> _WORK INSTRUCTIONS_
Please give the whole listing again exactly, without any of its pictures.

> _COLLECTED MATERIAL_

☆ ☆ ☆ ☆

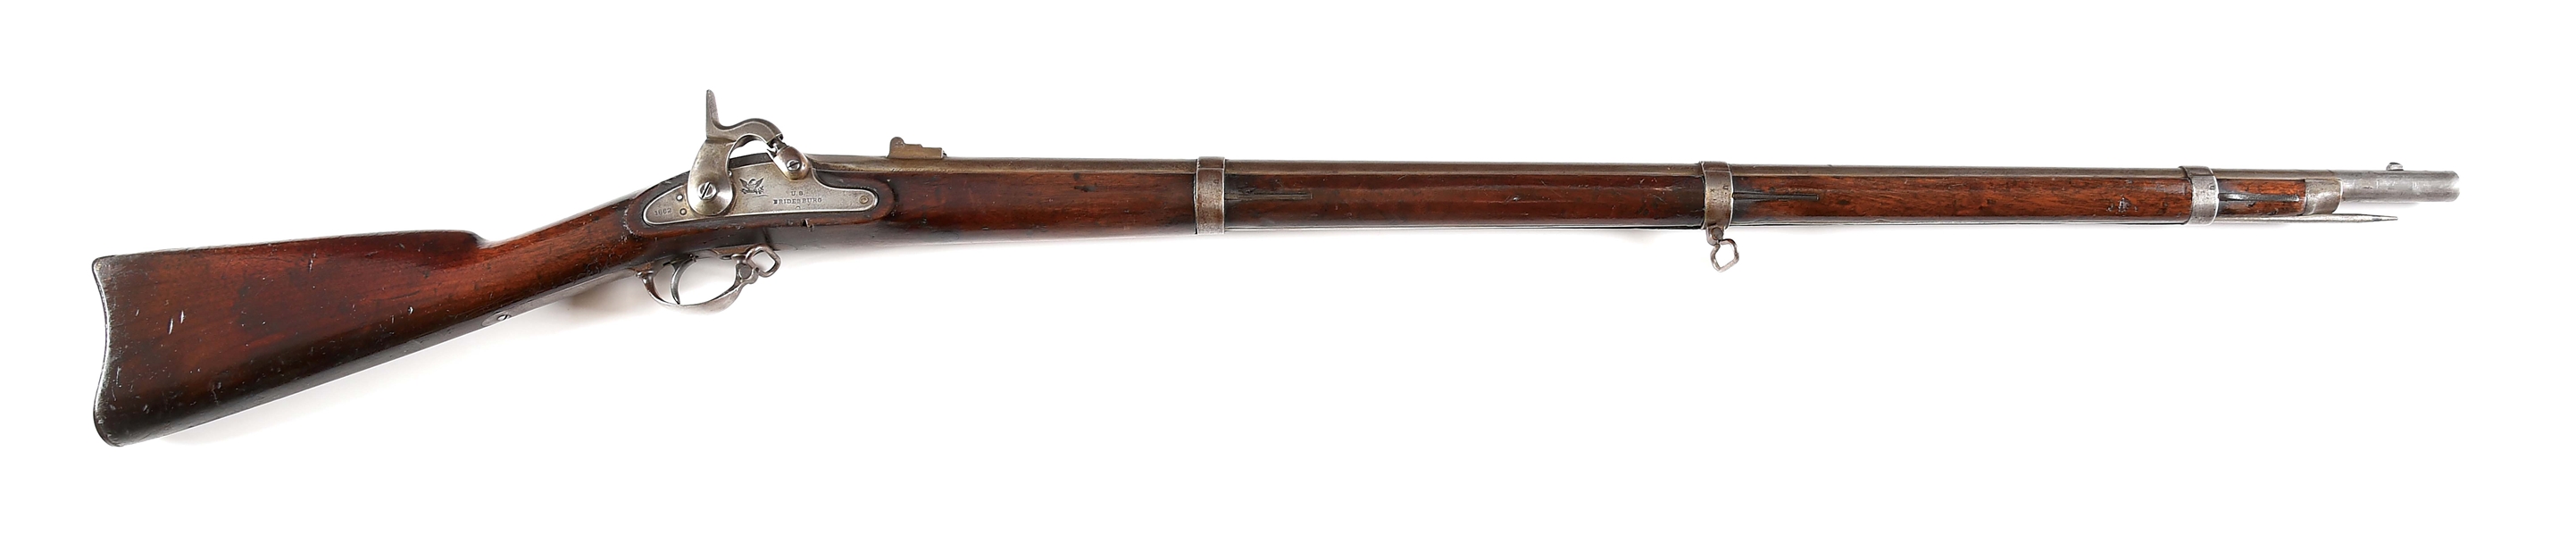 (A) BRIDESBURG MODEL 1861 RIFLED MUSKET DATED 1862.
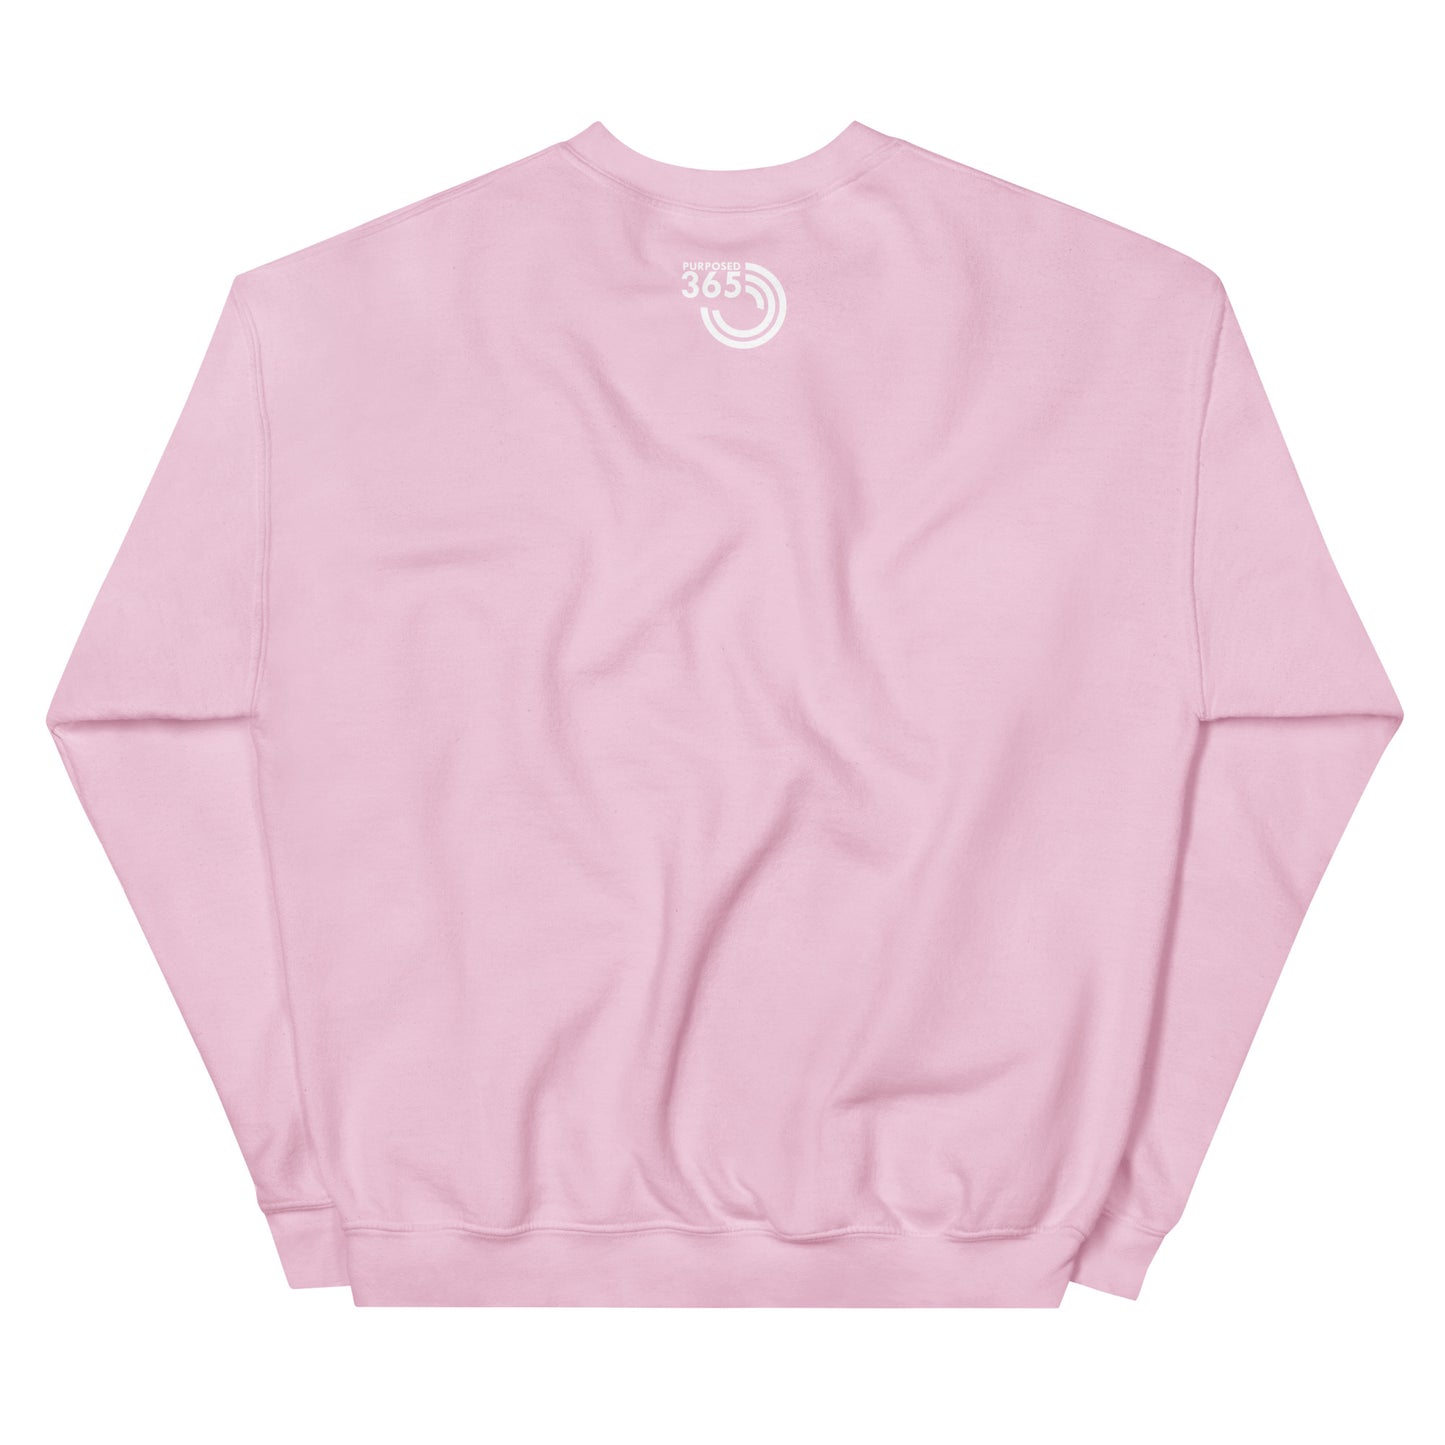 Live With Intentionality Colored Sweatshirt
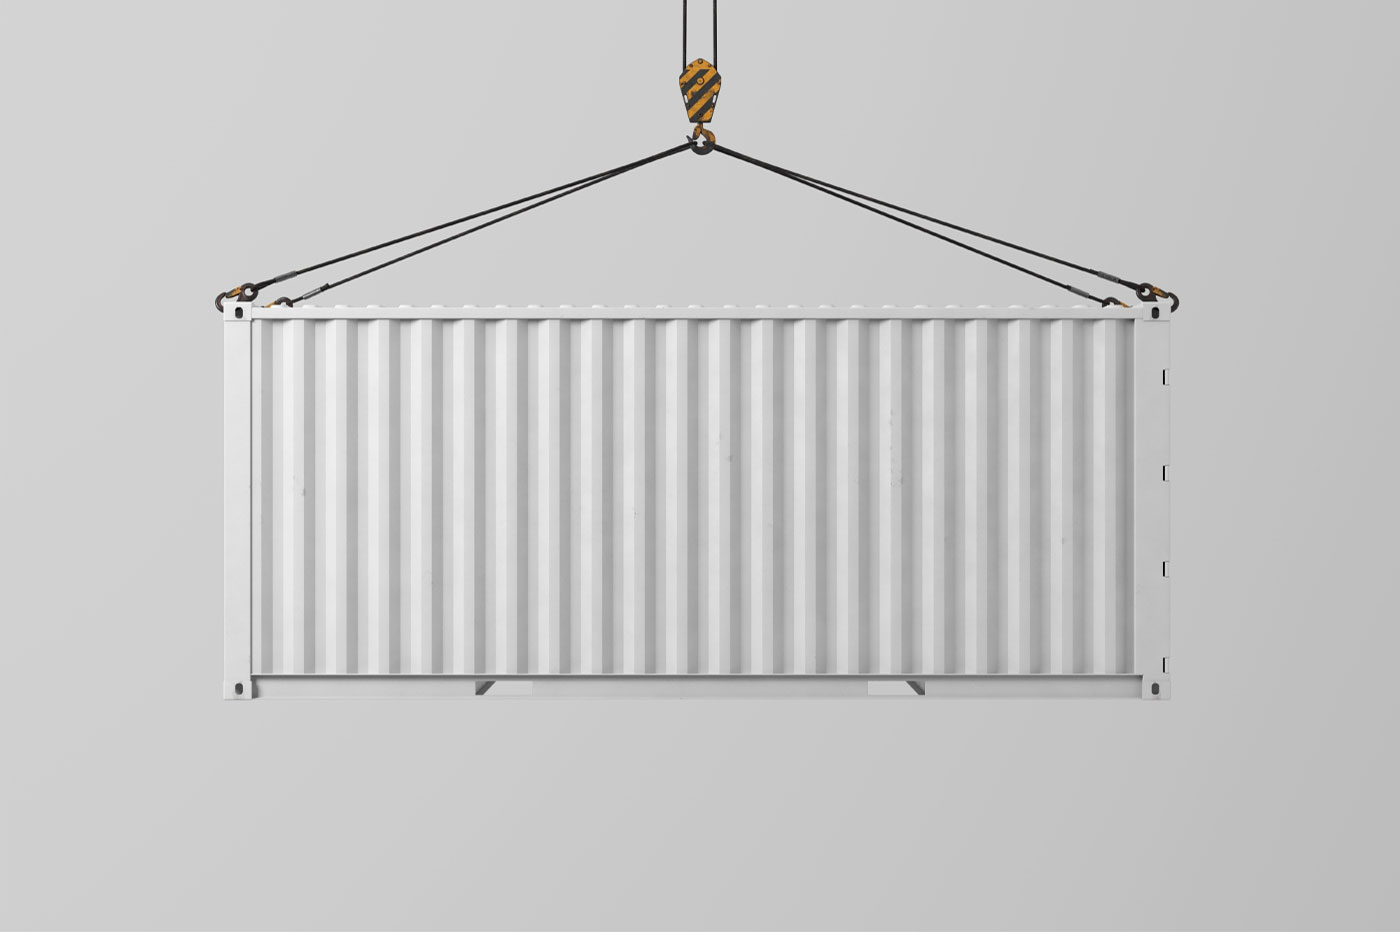 Shipping Container Hung on the Hook in the Front View Mockup FREE PSD
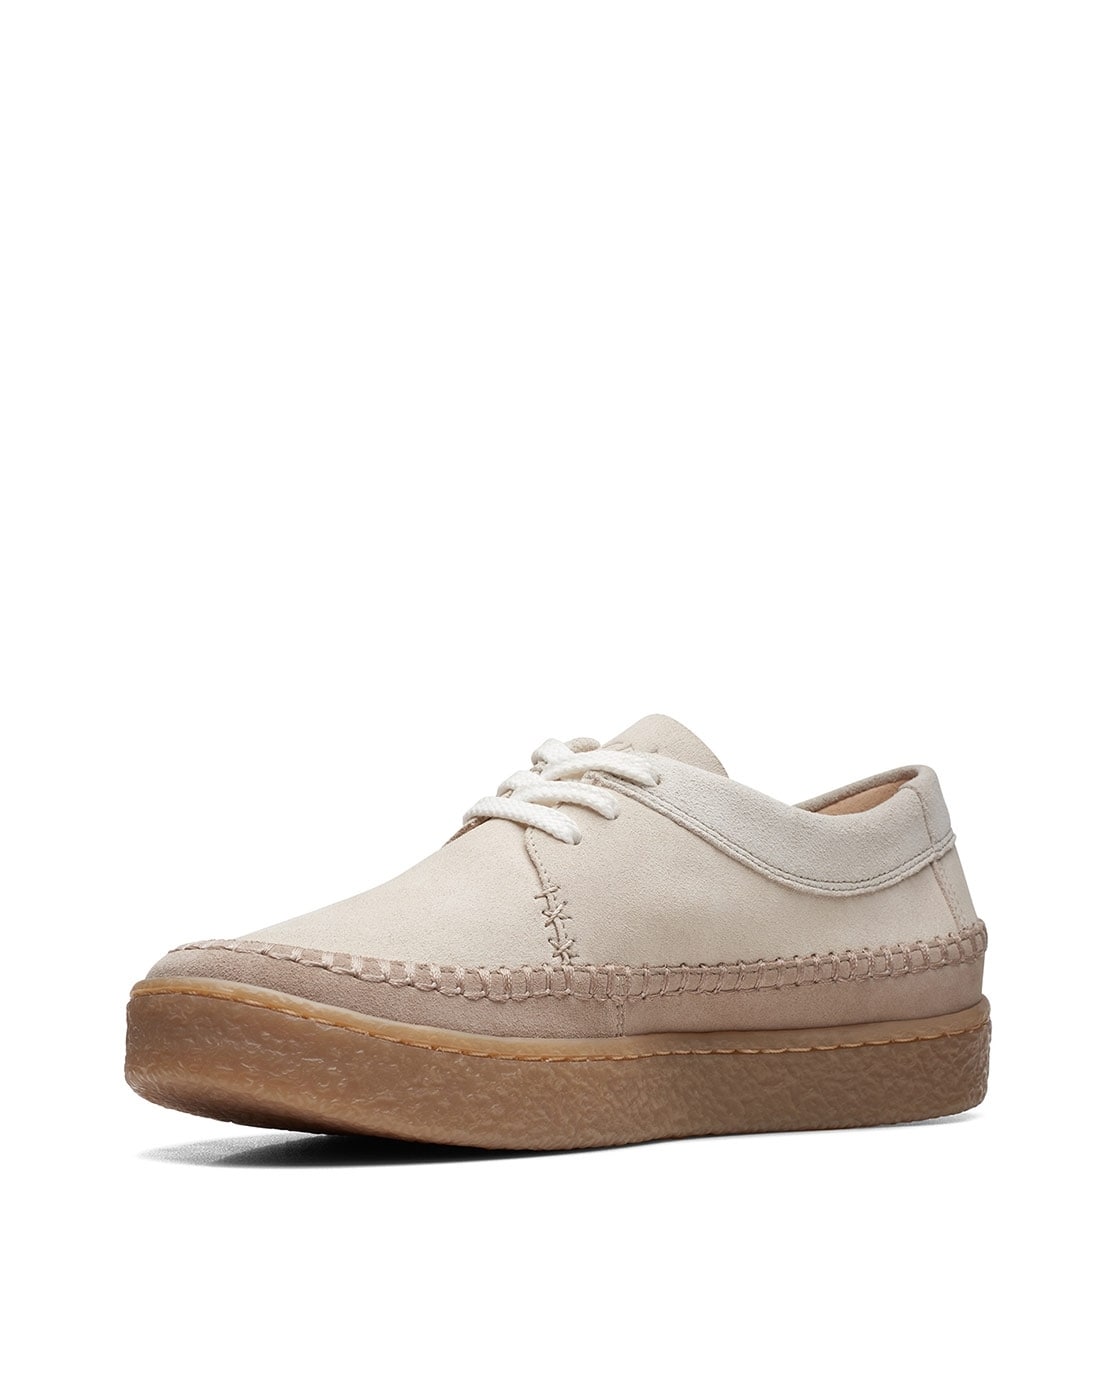 White court lace sneaker - CLARKS ENGLAND - Pk by Paskal

☆ ☆ ☆ ☆

> _YOUR SOLUTION_
 (A) BRIDESBURG MODEL 1861 RIFLED MUSKET DATED 1862.
 Live With Intentionality Colored Sweatshirt
 Shipping Container Hung on the Hook in the Front View Mockup FREE PSD
 White court lace sneaker - CLARKS ENGLAND - Pk by Paskal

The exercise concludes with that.